The first line computes the `expression_tag`

of the expression. This tag is used for selecting the right implementation
class inheriting from `xfunction_base`

. In xtensor, three tags are provided, with the following mapping:

`xscalar_expression_tag`

->`xfunction`

`xtensor_expression_tag`

->`xfunction`

`xoptional_expression_tag`

->`xoptional_function`

Any expression may define a tag as its `expression_tag`

inner type. If not, `xtensor_expression_tag`

is used by default.
Tags have different priorities so that a resulting tag can be computed for expressions involving different tag types.

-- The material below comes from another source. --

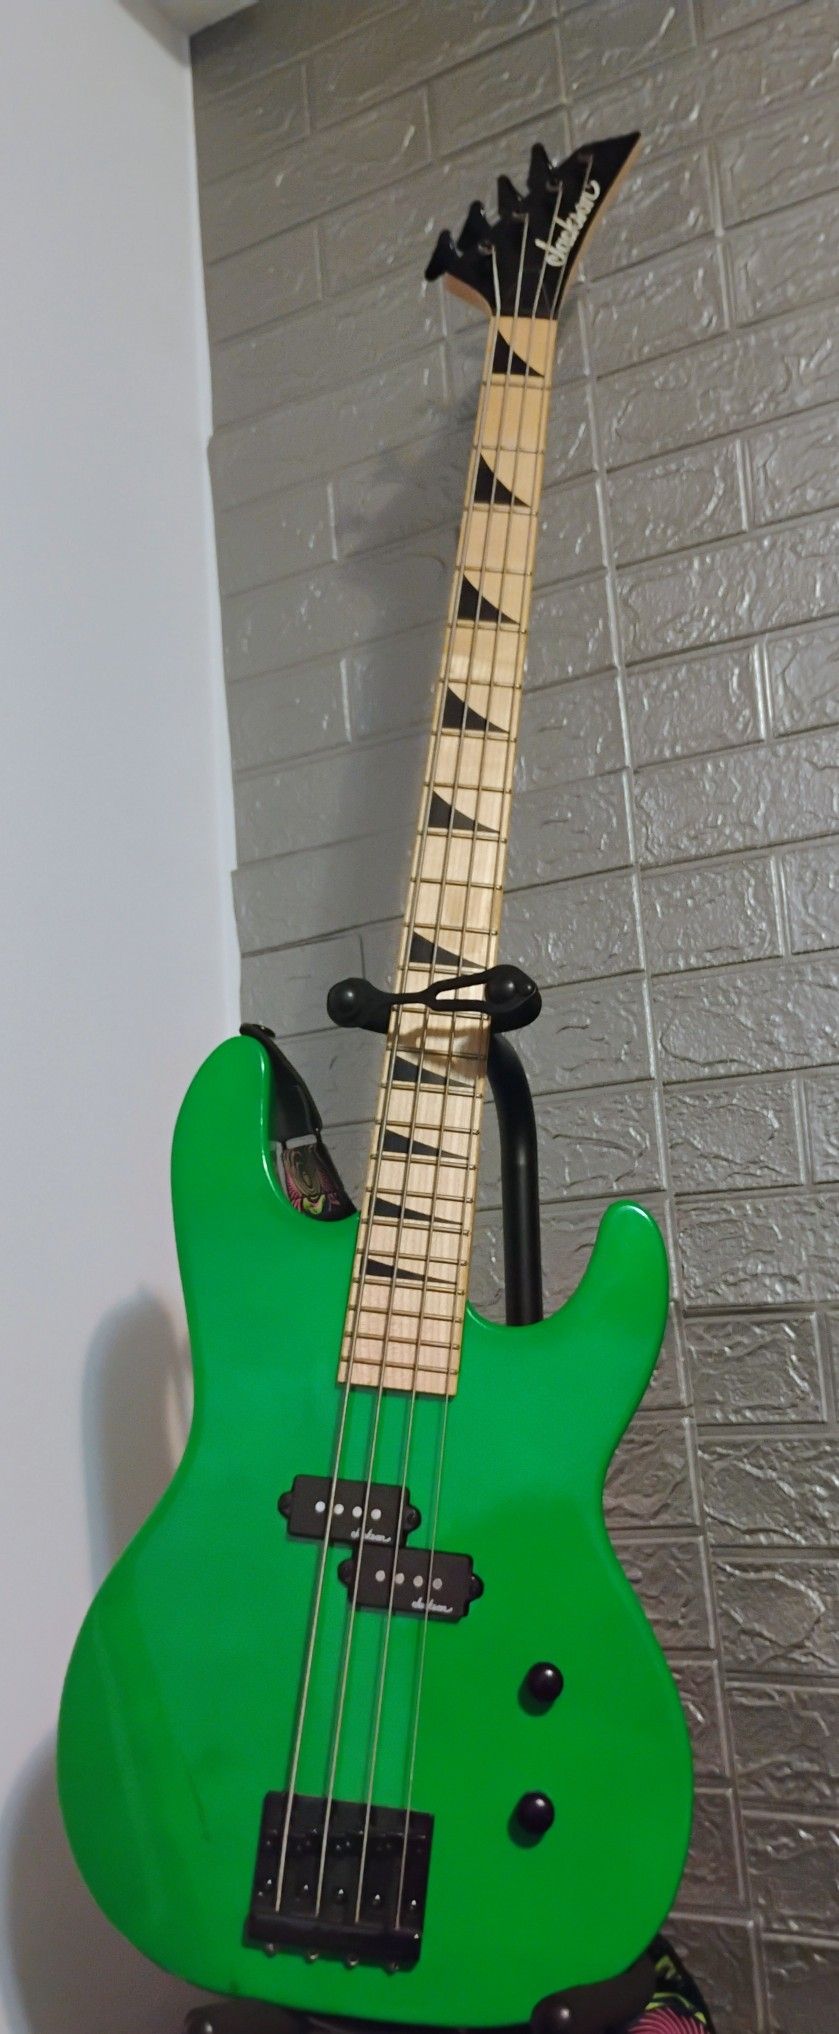 Bass Guitar With Strap, Amp, Cord And Stand

As we
will see in the next section, this system of tags and mapping make it easy to plug new functions types in xtensor and have
them working with all the mathematical functions already implemented.

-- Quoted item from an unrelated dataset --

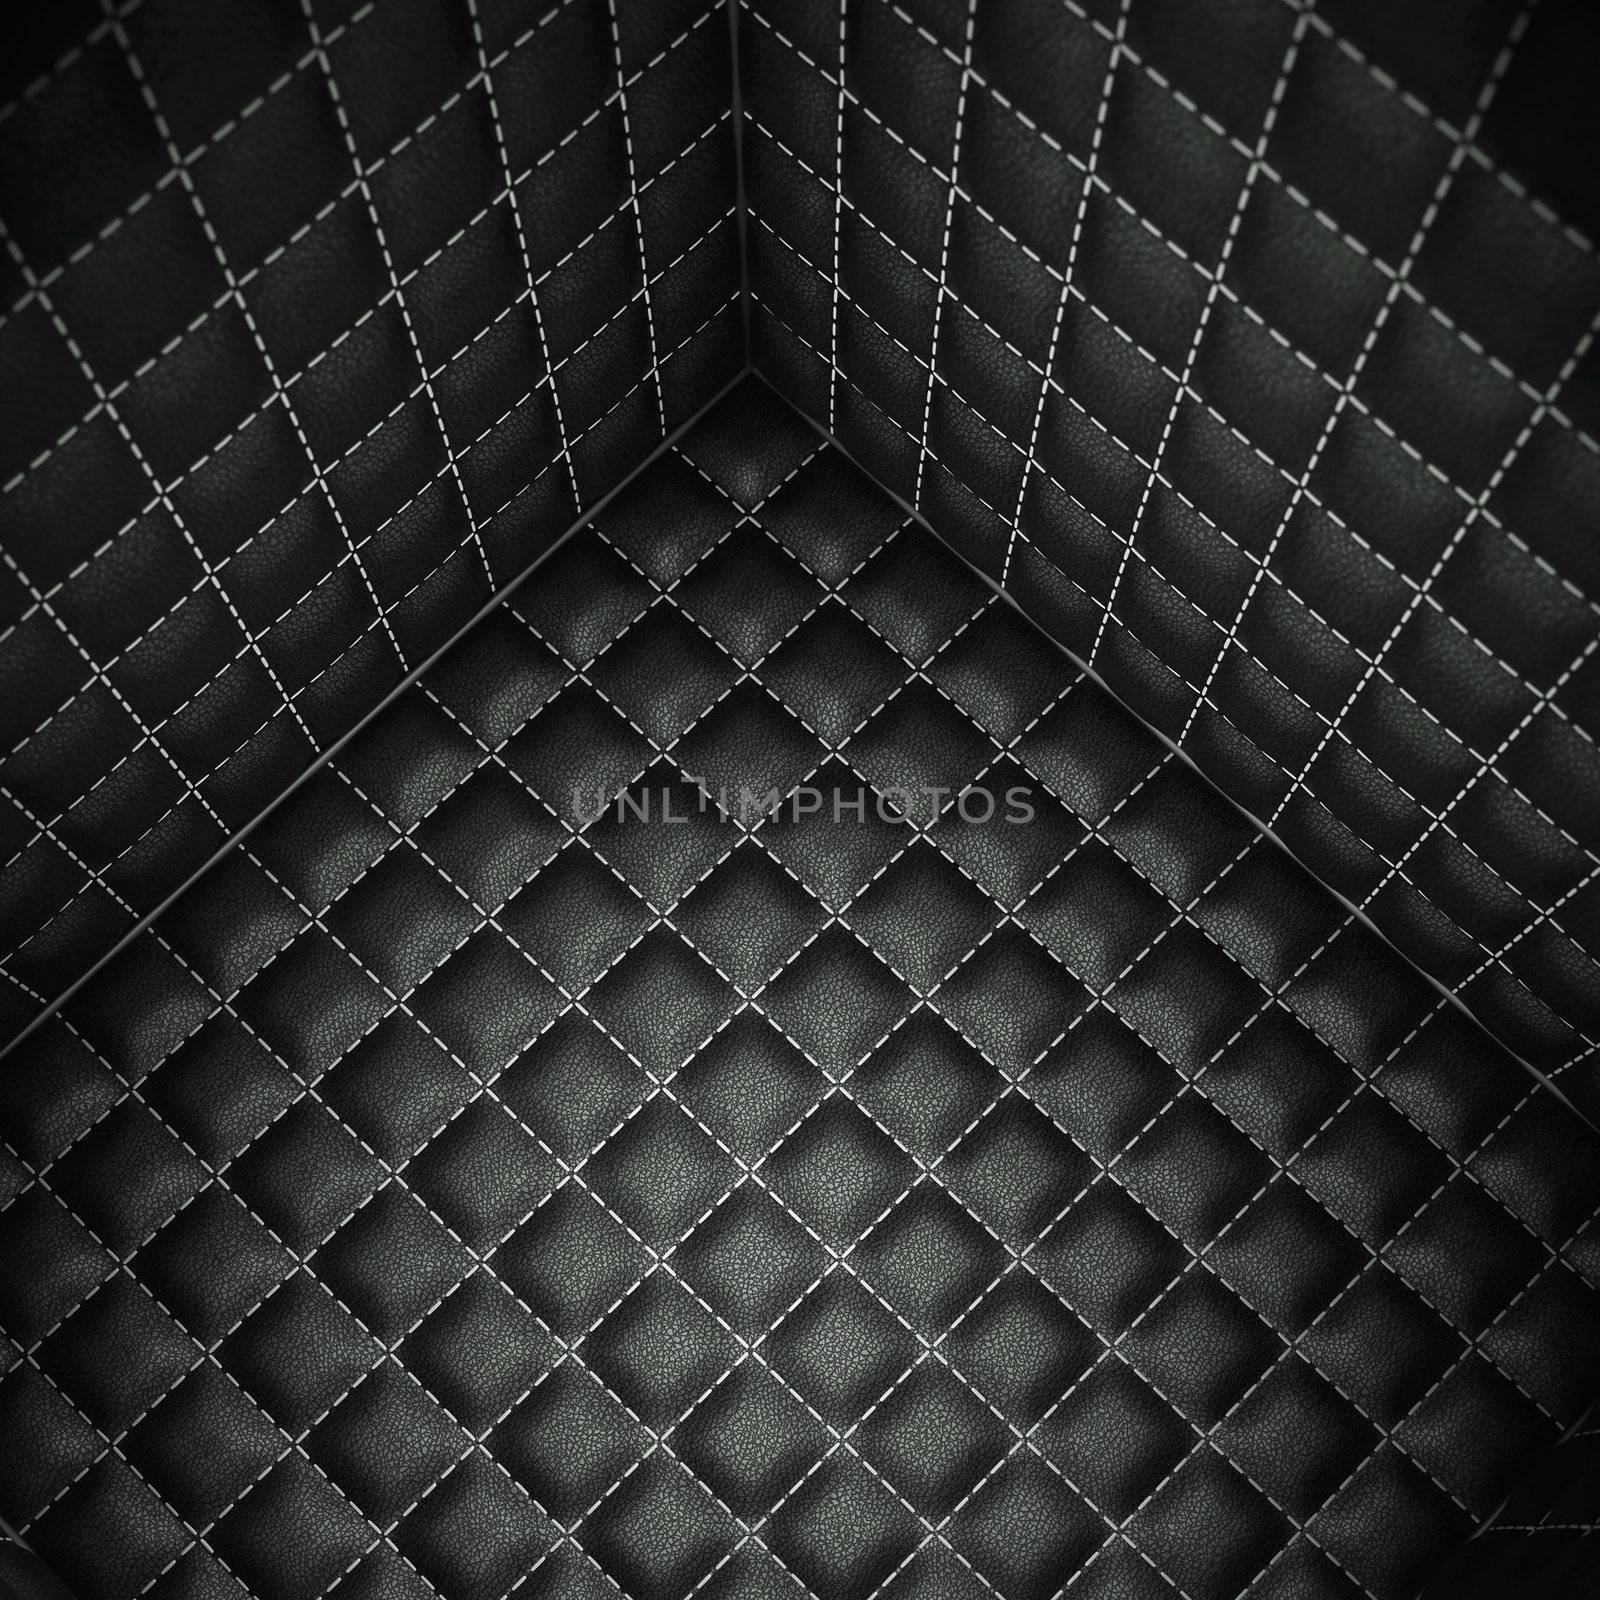 Soft room concept: Isolation and segregation. Black stitched leather pattern

The function class mapped to the expression tag is retrieved in the third line of `make_xfunction`

, that is:

```
using type = select_xfunction_expression_t<expression_tag, functor_type, const_xclosure_t<E>...>;
```

`const_closure_t`

computes the closure type (see Closure semantics) of each argument and passes it to the function
class to instantiate.

The exact type of the functor is computed thanks to the `build_functor_type_t`

generator. It computes the return type of the
function according to the `value_type`

of the arguments (most of the times, a simple type promotion is enough).

Once all the types are known, `make_xfunction`

can instantiate the right function type and returns it:

```
return type(functor_type(), std::forward<E>(e)...);
```

## Plugging new function types¶

As mentioned in the section above, one can define a new function class and have it used by xtensor’s expression system. Let’s
illustrate this with the `xoptional_function`

class. The first thing to do is to define a new tag:

```
struct xoptional_expression_tag
{
};
```

Then the tag selection rules must be updated if we want to be able to mix `xtensor_expression_tag`

and `xoptional_expression_tag`

.
This is done by specializing the `expression_tag_and`

metafunction available in the namespace `xt::detail`

:

```
namespace xt
{
namespace detail
{
template <>
struct expression_tag_and<xtensor_expression_tag, xoptional_expression_tag>
{
using type = xoptional_expression_tag;
};
template <>
struct expression_tag_and<xoptional_expression_tag, xtensor_expression_tag>
: expression_tag_and<xtensor_expression_tag, xoptional_expression_tag>
{
};
}
}
```

The second specialization simply forwards to the first one so we don’t duplicate code. Note that when plugging your own function class, these specializations can be skipped if the new function class (and its corresponding tag) is not compatible, and thus not supposed to be mixed, with the function classes provided by xtensor.

The las thing required is to specialize the `select_xfunction_expression`

metafunction, as it is shown below:

```
namespace xt
{
namespace detail
{
template <class F, class... E>
struct select_xfunction_expression<xoptional_expression_tag, F, E...>
{
using type = xoptional_function<F, typename F::result_type, E...>;
};
}
}
```

In this example, `xoptional_function`

inherits from `xfunction_base`

and define some additional methods, so it provides a
richer API the `xfunction`

. However it is possible to define a function class with a different API, thus not inheriting from
`xfunction_base`

. In that case, the assignment mechanics need to be customized too, this is detailed in Assignment.